When the second deployment is prepared, we can see that the power consumption of both containers is the same.
What does this indicate to us? Does this imply that the amount of energy used by a traffic generator that uses OpenTelemetry, metrics, and traces along with intricate logic and instrumentalization is equal to that of a straightforward mock that simply prints “200 OK” to the console? Even though we adore contemporary observability, it is occasionally necessary to print to the standard output.
Go is used for the mock, and C++ is used for the traffic generator. Recent research indicates that, in some scenarios, C++ can be 2.5 times more energy efficient than Go; however, that topic is well outside the purview of this blog. Every language has its own domains in which to flourish, and we adore them all. We’re eager to see how you intend to apply power monitoring.
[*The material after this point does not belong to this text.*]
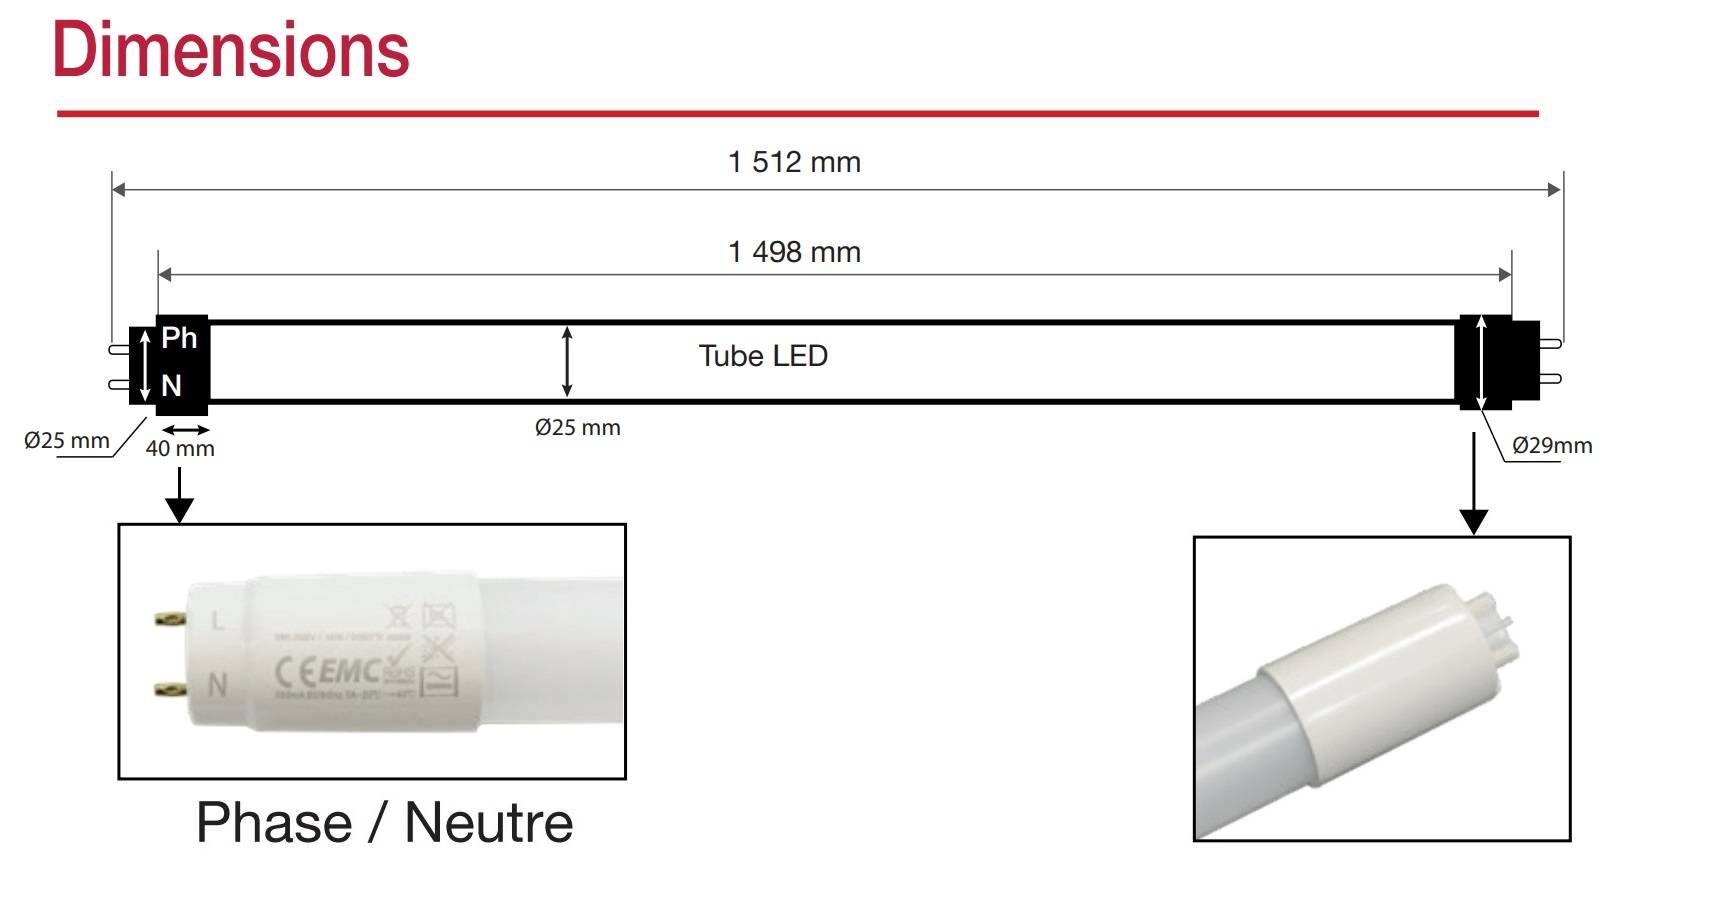 Guirlande lumineuse étanche à tubes LED, 150 LED, fonctionnement à

Using your own data, you might even be able to participate in the power consumption vs programming language debate.
What comes next?
We are still dedicated to taking your suggestions into consideration, adjusting, and adding improvements. We will continue to work in partnership with the community to support the international effort to better track energy use. The future looks bright: plans could include anything from helping developers view their code in the OpenShift platform to integrating power monitoring with larger sustainability initiatives to exporting data via OpenTelemetry.